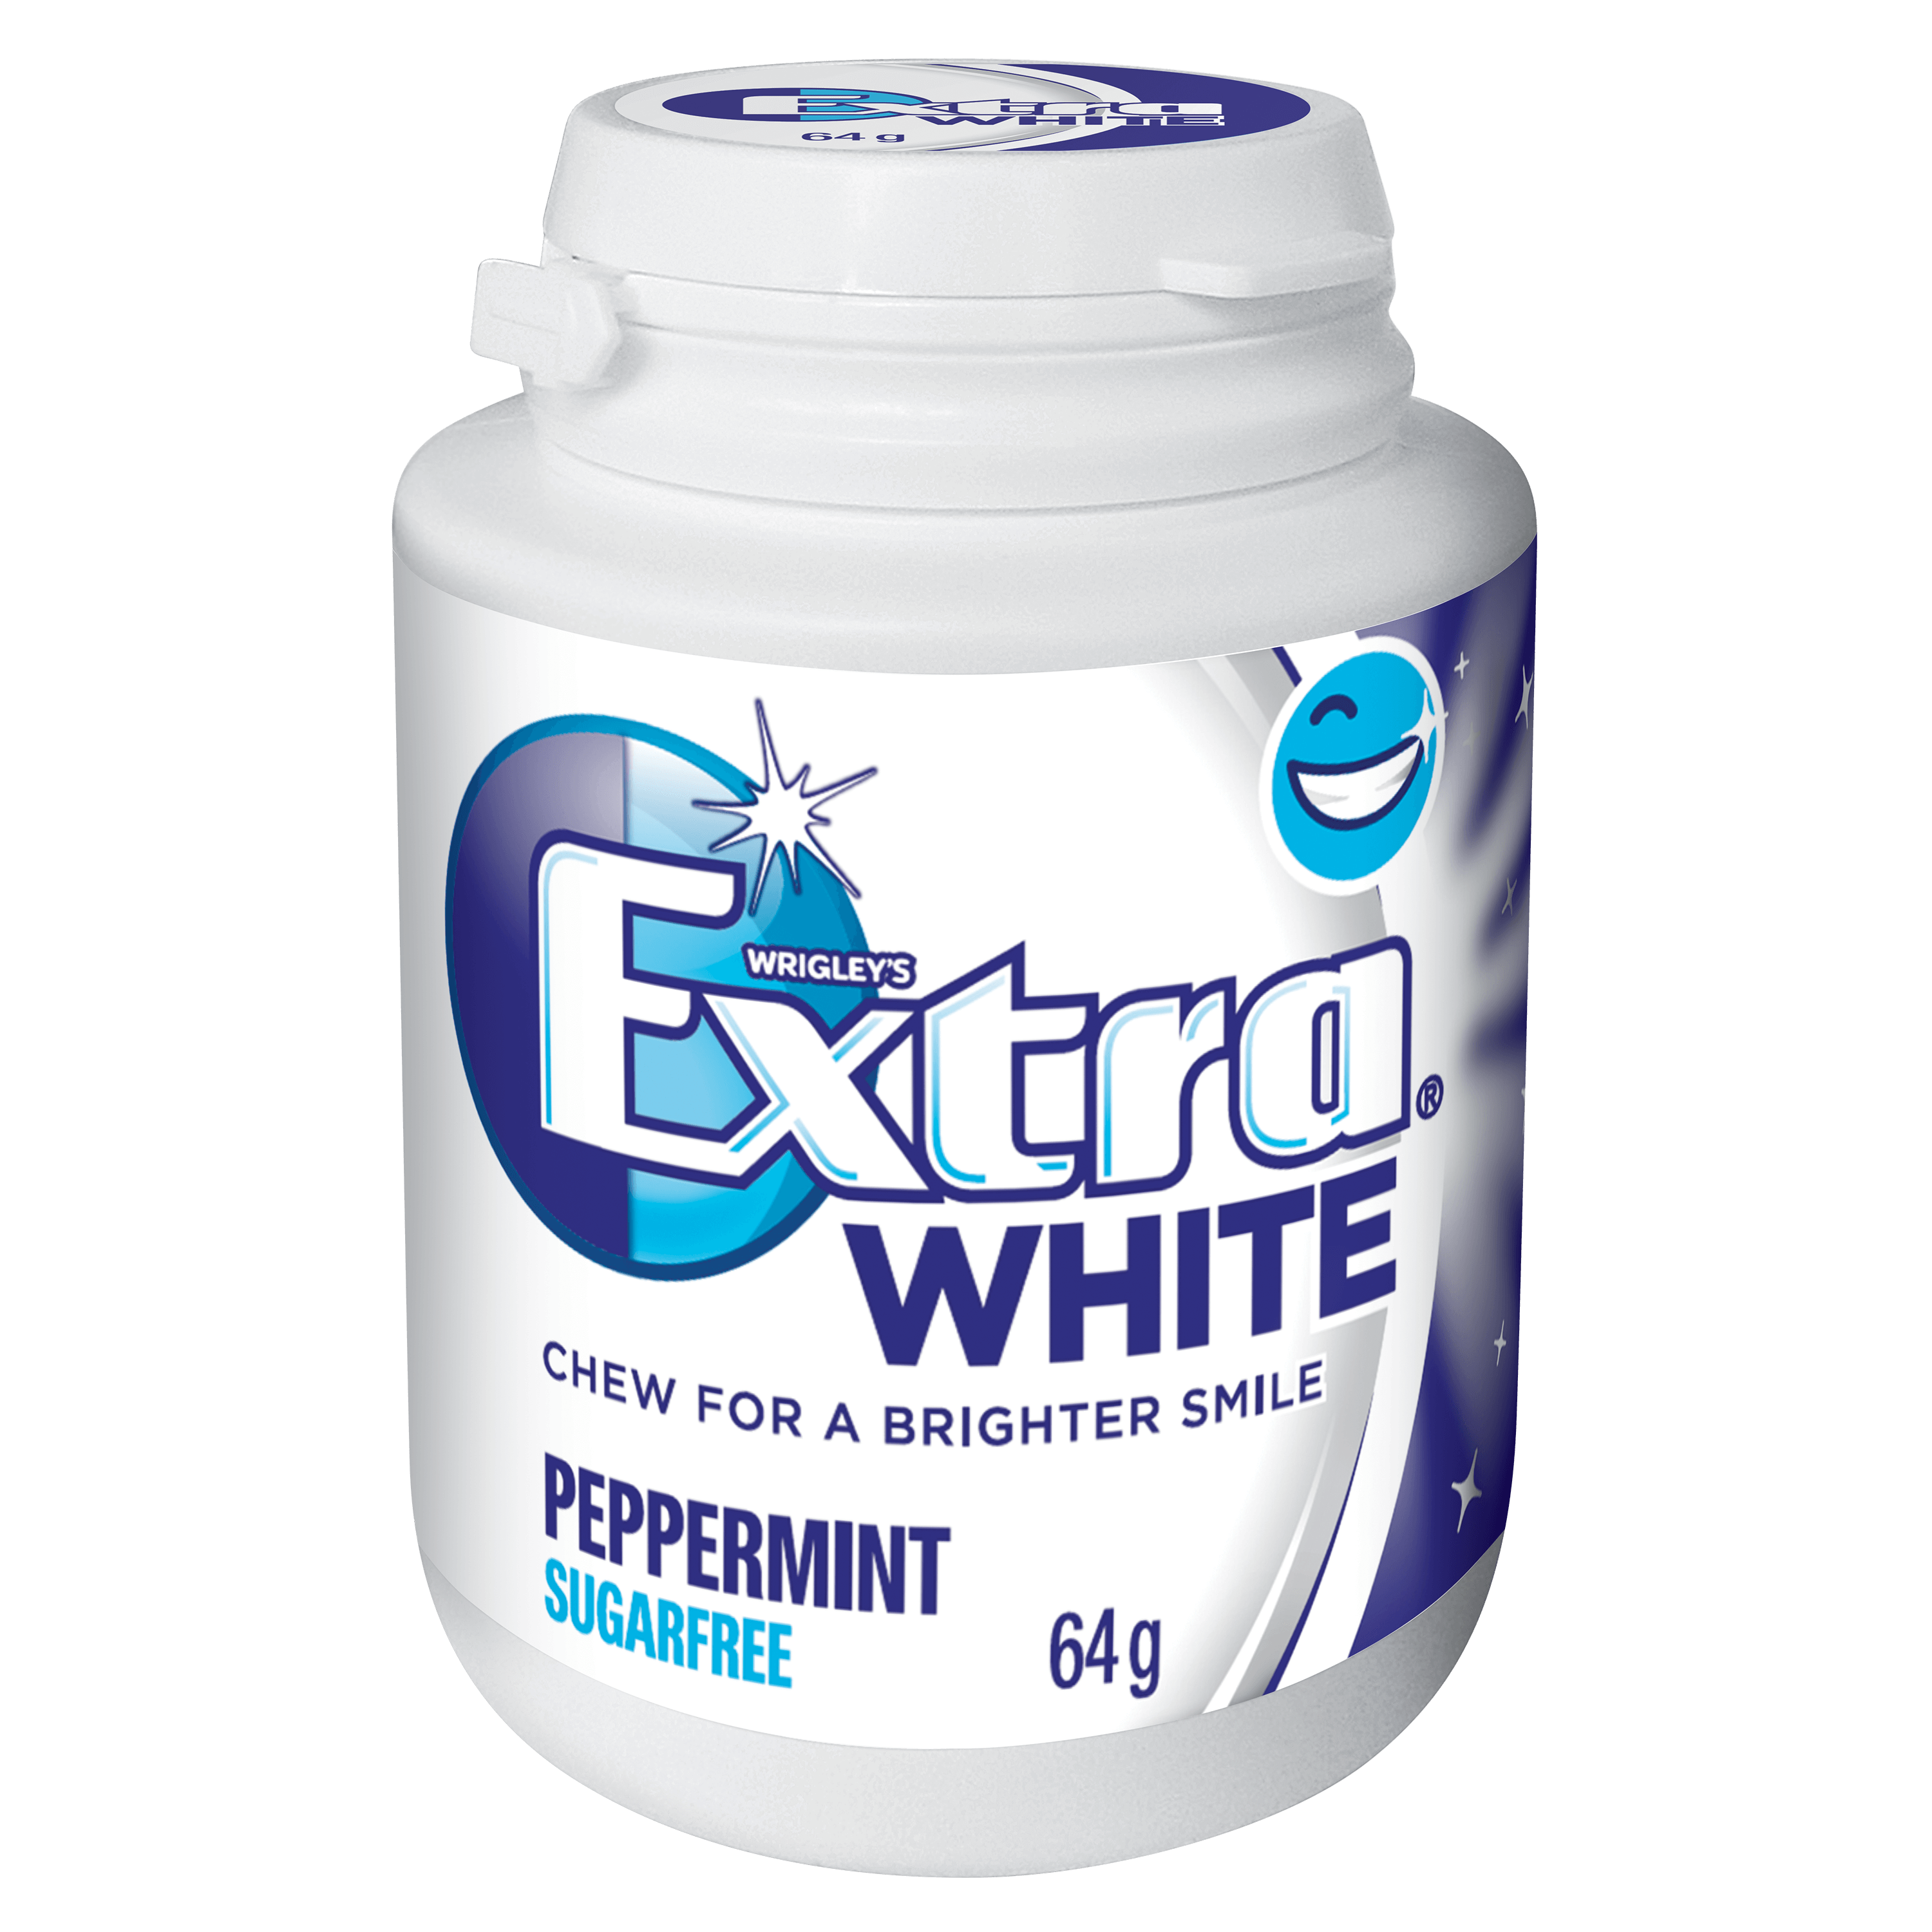 EXTRA White bottle
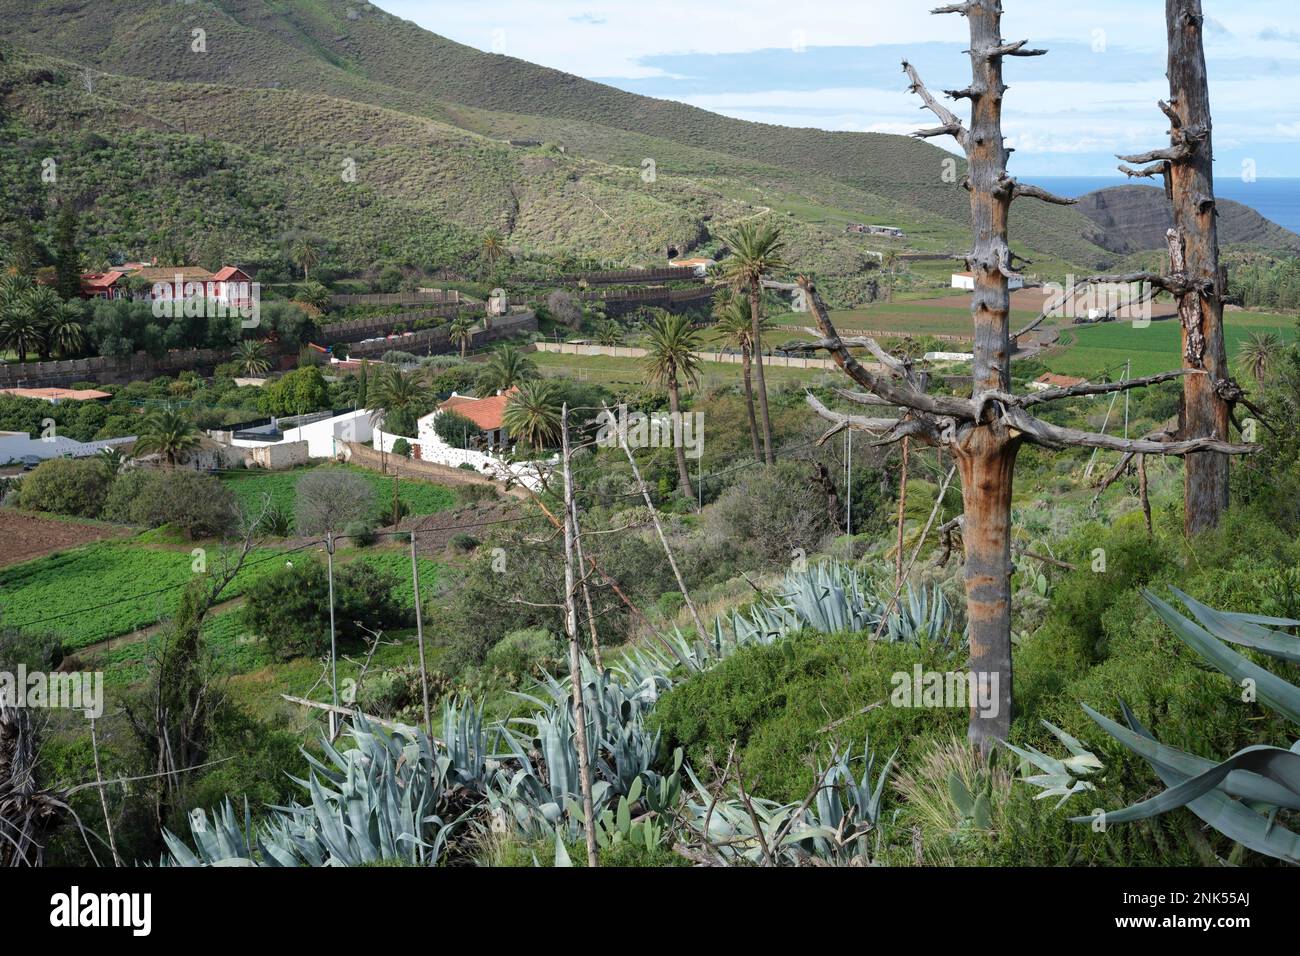 Una valle fruttuosa con fattorie e campi tipici dell'isola di Gran Canaria Foto Stock
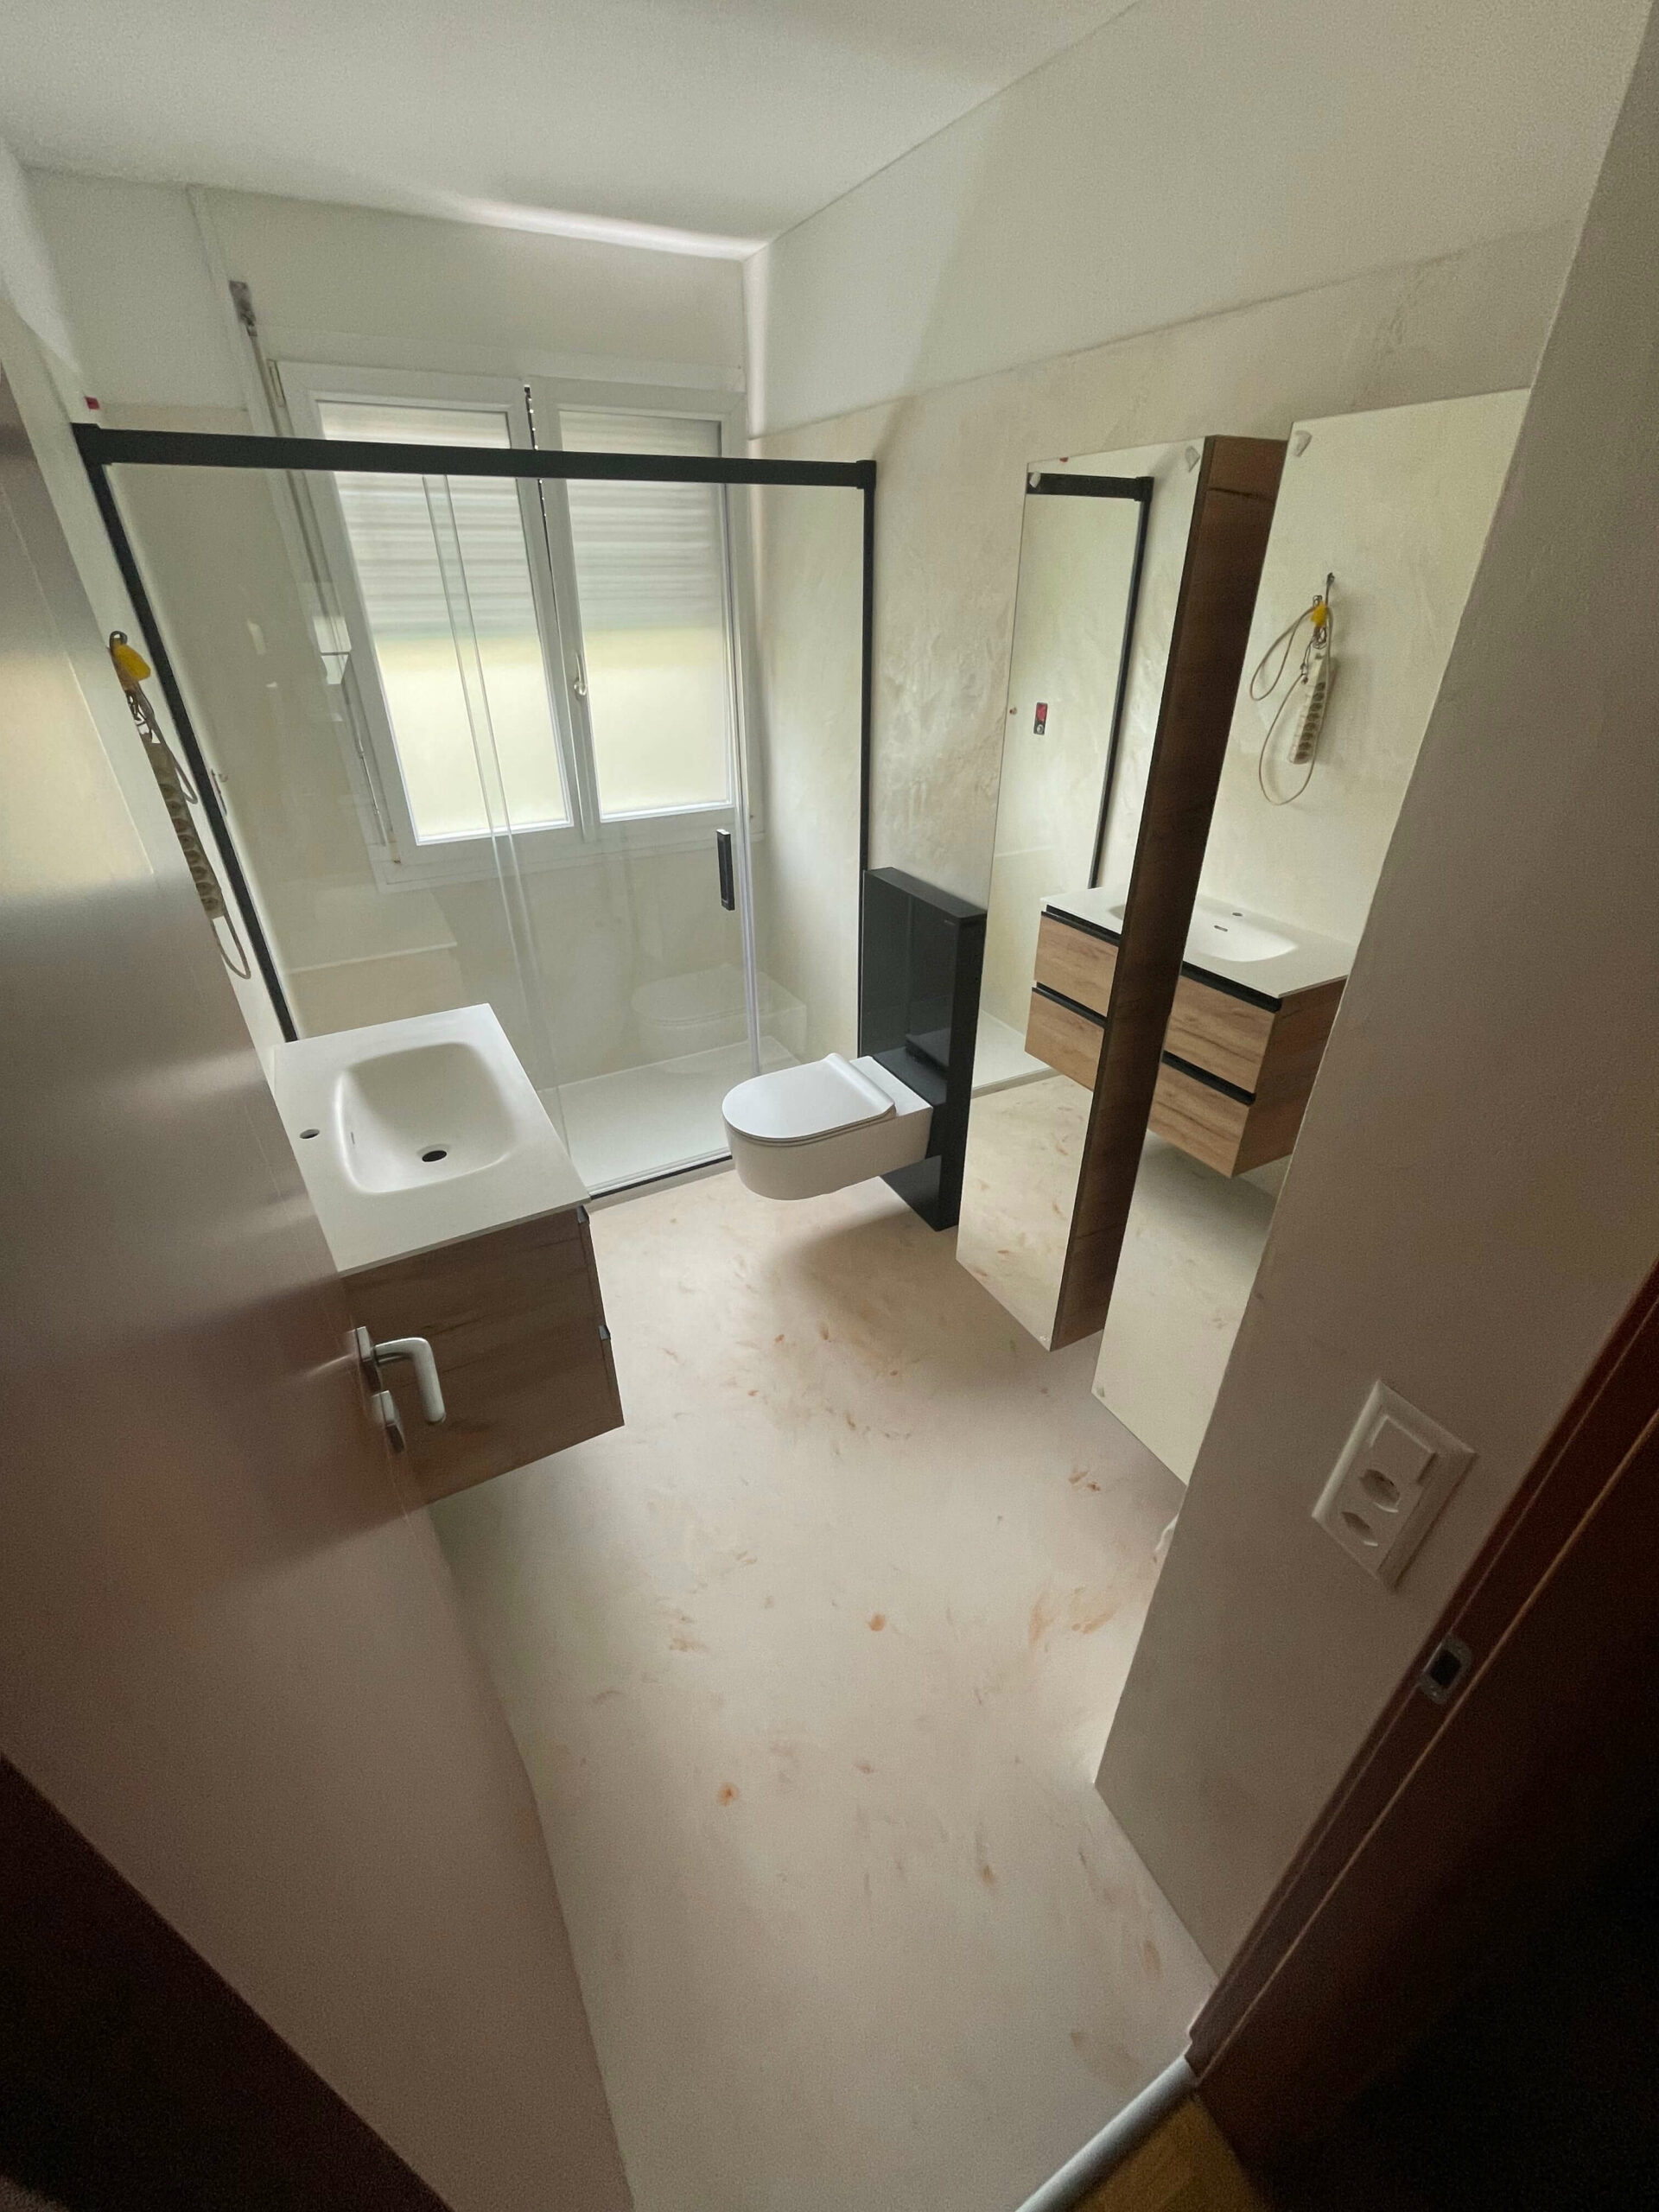 ristrutturazione bagni moderni con wc sospeso, rifiniture scure e doccia in vetro

===

REQUIREMENT
Starting at the line that contains "Una valle fruttuosa", retype each line through the final one in the listing, with both ends kept and the pictures omitted.

SOLUTION FOR THIS PROBLEM
 Una valle fruttuosa con fattorie e campi tipici dell'isola di Gran Canaria Foto Stock
 ristrutturazione bagni moderni con wc sospeso, rifiniture scure e doccia in vetro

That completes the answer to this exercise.